BRIEF: When the line with "Fleurs. grewia sp." appears below, start repeating lines exactly, and keep going through the line with "Переговоры ОПЕК+ сорвались"; add nothing outside that span.

MATERIAL PROVIDED:
━━━━━━━━━━
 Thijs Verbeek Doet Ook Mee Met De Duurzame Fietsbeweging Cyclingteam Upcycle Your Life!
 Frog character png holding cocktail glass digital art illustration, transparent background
━━━━━━━━━━
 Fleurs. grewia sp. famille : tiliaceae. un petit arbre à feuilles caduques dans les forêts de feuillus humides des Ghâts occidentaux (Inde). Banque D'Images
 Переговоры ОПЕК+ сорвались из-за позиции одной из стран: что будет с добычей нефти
━━━━━━━━━━
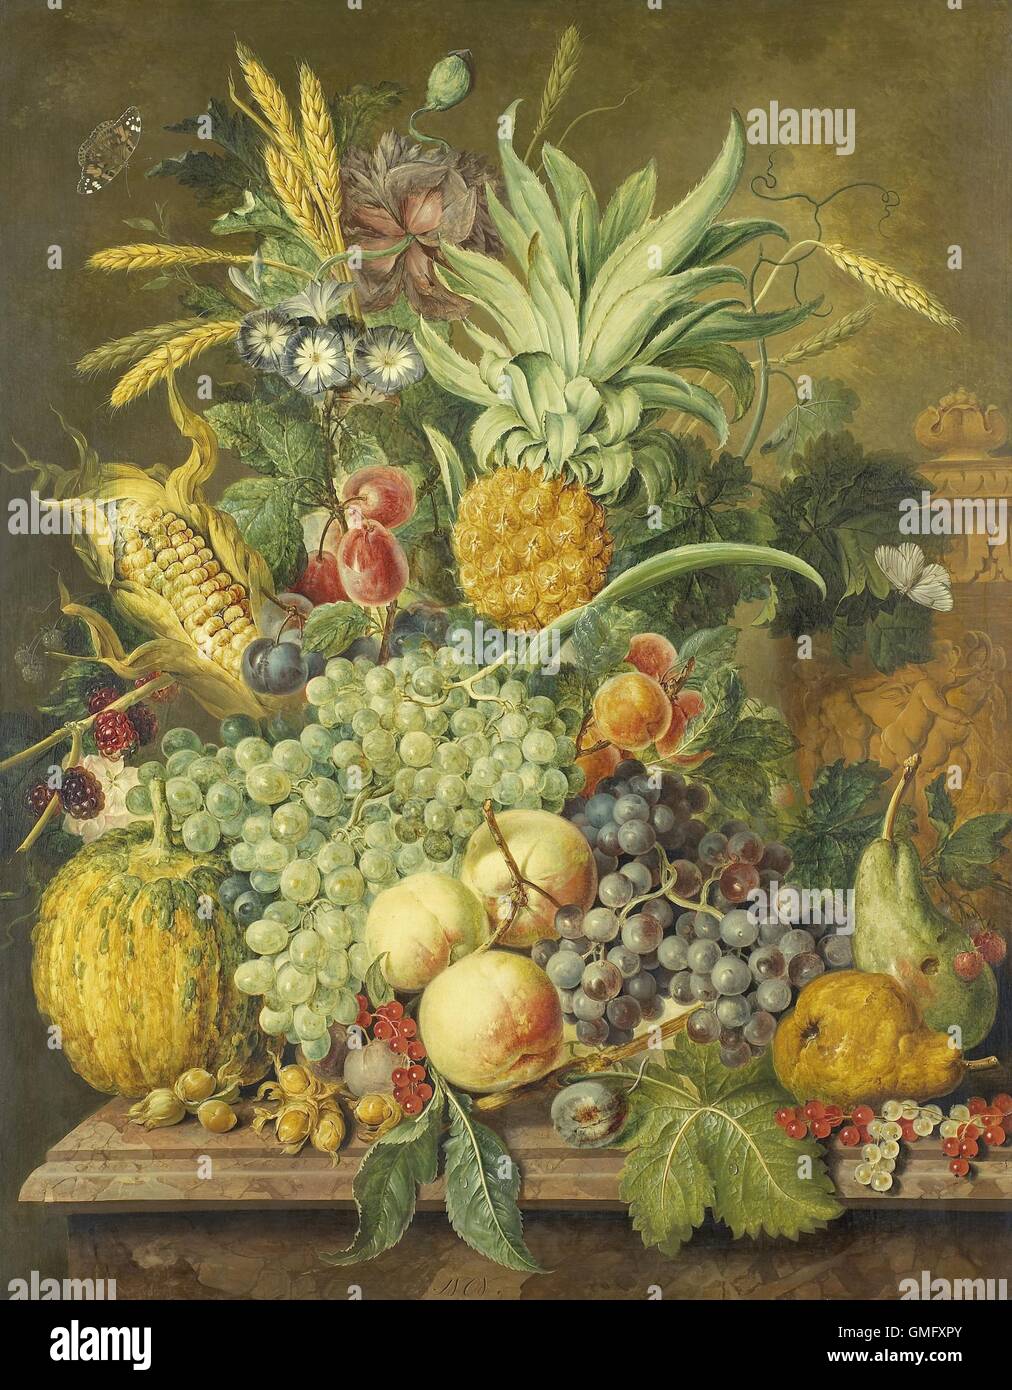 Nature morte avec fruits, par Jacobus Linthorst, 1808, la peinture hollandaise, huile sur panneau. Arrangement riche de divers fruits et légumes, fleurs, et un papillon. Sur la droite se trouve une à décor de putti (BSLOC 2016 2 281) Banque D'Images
━━━━━━━━━━
SOLUTION:
 Fleurs. grewia sp. famille : tiliaceae. un petit arbre à feuilles caduques dans les forêts de feuillus humides des Ghâts occidentaux (Inde). Banque D'Images
 Переговоры ОПЕК+ сорвались из-за позиции одной из стран: что будет с добычей нефти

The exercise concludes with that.